Footnotes to 2008
Five further thoughts on the year in film
By Josh Rosenblatt,
8:14AM, Tue. Dec. 30, 2008
A few final thoughts from the year in film 2008:
1. Why does Hollywood insist on hiring British actors for the lead roles in Philip Roth adaptations? A few years back Anthony Hopkins played an African-American posing as a white American Jew (with a Welsh accent) in The Human Stain; this year we had Ben Kingsley as American Jewish professor David Kapesh in Elegy. I don’t get it. Richard Benjamin is still acting, right? What about Judd Hirsch? Dustin Hoffman? Jeff Goldblum? Harvey Fierstein? Steve Guttenberg? Albert Brooks? Larry David? Richard Dreyfuss? Harvey Keitel? Rob Reiner? Mel Brooks? Ron Jeremy? Alan Greenspan? Elie Weisel? Mel Gibson?
I’m starting to understand how Puerto Ricans must have felt when they watched West Side Story for the first time.
2. I’m worried that people might read my top 10 list and think I’m a snob who hates America and loves Europe, when in reality I’m a snob who hates America and Europe in equal measure.
3. Interesting fact: America does racism a lot better than it does movies about racism. Aside from To Kill a Mockingbird, Do the Right Thing, and Remember the Titans, American movies about racism are generally no better than after-school specials.

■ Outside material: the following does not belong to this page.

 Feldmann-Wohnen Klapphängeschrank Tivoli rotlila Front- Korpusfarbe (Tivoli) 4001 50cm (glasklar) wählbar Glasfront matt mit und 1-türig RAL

I don’t know why that is exactly. But what I do know is that Gran Torino is the funniest unintentional comedy since Crash. Maybe the funniest movie made this year. Which isn’t saying much, but still …
4. Now that I think about it, my list does look pretty snobby. I hereby change my No. 3 movie to Yes Man and my No. 7 movie to Yes Man.
5. I have a Top 10 list confession to make: After No. 5 (I’ve Loved You So Long), I was just picking names at random to fill the quota. This wasn’t a particularly good year for movies, and I had trouble coming up with 10 that were worth the 25 words I was given to write about them. Compare this year’s best to 2007’s; only A Christmas Tale can compete. The Lives of Others? Eastern Promises? The Diving Bell and the Butterfly? Those were movies. Great movies. Strong movies. Movies we’ll remember years from now. Movies we’ll tell our kids about one day. Provided we have kids. Which we may not. We’re not really sure. Maybe if the right person comes along and we get our financial situation squared away. We’ll see. It’s not that we don’t like kids, it’s just that we’ve never seen ourselves as “kid people.” No, that’s a lie: it’s that we don’t like kids. They’re just so sticky and unformed. And loud. And they never say anything about politics or the global economy that we haven’t already thought about. I mean, just because you’re 6 years old that means you’re incapable of forming an opinion about the auto bailout or UN intervention in Zimbabwe like the rest of us? Come on. Those newspapers aren’t going to read themselves.